Translating a line of Matlab (bsxfun, rdivide) to Python

Question

I am translating a Matlab function to Python. Unfortunately I am not a Matlab expert and it is hard for me to understand some lines, e. g. this one:

a = [[0, 1]; [2, 3]]
bsxfun(@rdivide, sqrt(a), a)

I did not really understand it yet, but I think this line does

r / a

for each row r of sqrt(a) (or is it each column?) and r / sqrt(a) can usually be translated to numpy as

numpy.linalg.solve(sqrt(a).T, r.T).T

The problem with this is: Matlab says the result is

       NaN   1.00000
   0.70711   0.57735

and numpy says it is

[ 1.  0.]
[ 0.55051026  1.41421356]

which was generated by

for i in range(2): print linalg.solve(sqrt(a).T, a[i, :].T).T

Where is the error? The matrices sqrt(a) and a are just examples. You can replace them by any other matrix. I am just trying to understand what bsxfun does with rdivide.

Answer 1

>>> import numpy as np
>>> a = np.array([[0,1],[2,3]])
>>> a
array([[0, 1],
       [2, 3]])
>>> b = np.sqrt(a)
>>> b/a
Warning: invalid value encountered in divide
array([[        nan,  1.        ],
       [ 0.70710678,  0.57735027]])
>>>

Since you need an element-wise division, not matrix multiplication by the inverse, numpy.linalg is not what you want.

Answer 2

The first floor give you the transform of python code.
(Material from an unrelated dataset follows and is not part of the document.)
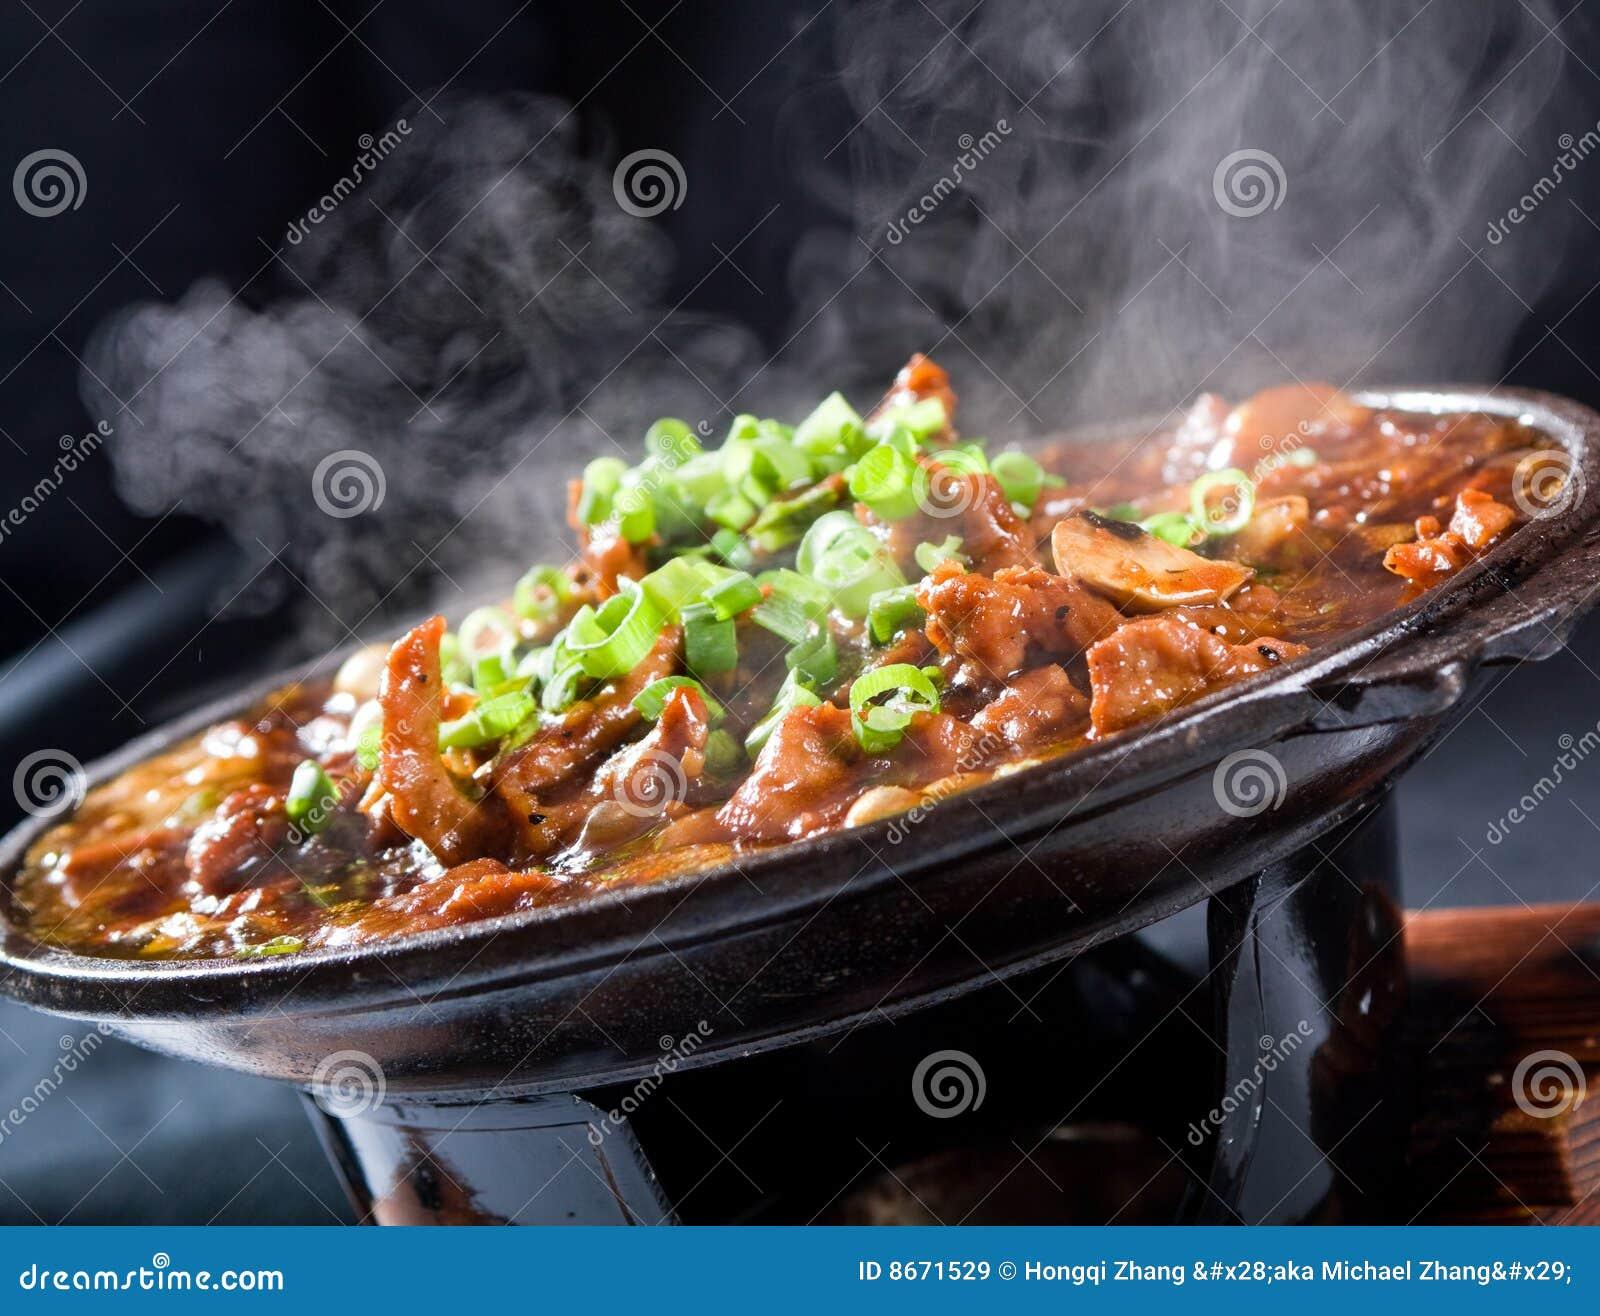 Alimento caldo

but if you want to know why code:

for i in range(2): print linalg.solve(sqrt(a).T, a[i, :].T).T

give the result

[ 1.  0.]
[ 0.55051026  1.41421356]

because linalg.solve() Solve a linear matrix equation, or system of linear scalar equations.

so the code for i in range(2): print linalg.solve(sqrt(a).T, a[i, :].T).T will solve the linear matrix equations

0 * x0 + sqrt(2) * x1 = 0
1 * x0 + sqrt(3) * x1 = 1
0 * x0 + sqrt(2) * x1 = 2
1 * x0 + sqrt(3) * x1 = 3

so you will get the result

[ 1, 0].T
[ 3 - sqrt(6) , sqrt(2)].T

and in numpy shape (2L,).T is same as (2L,) so you will get the answer.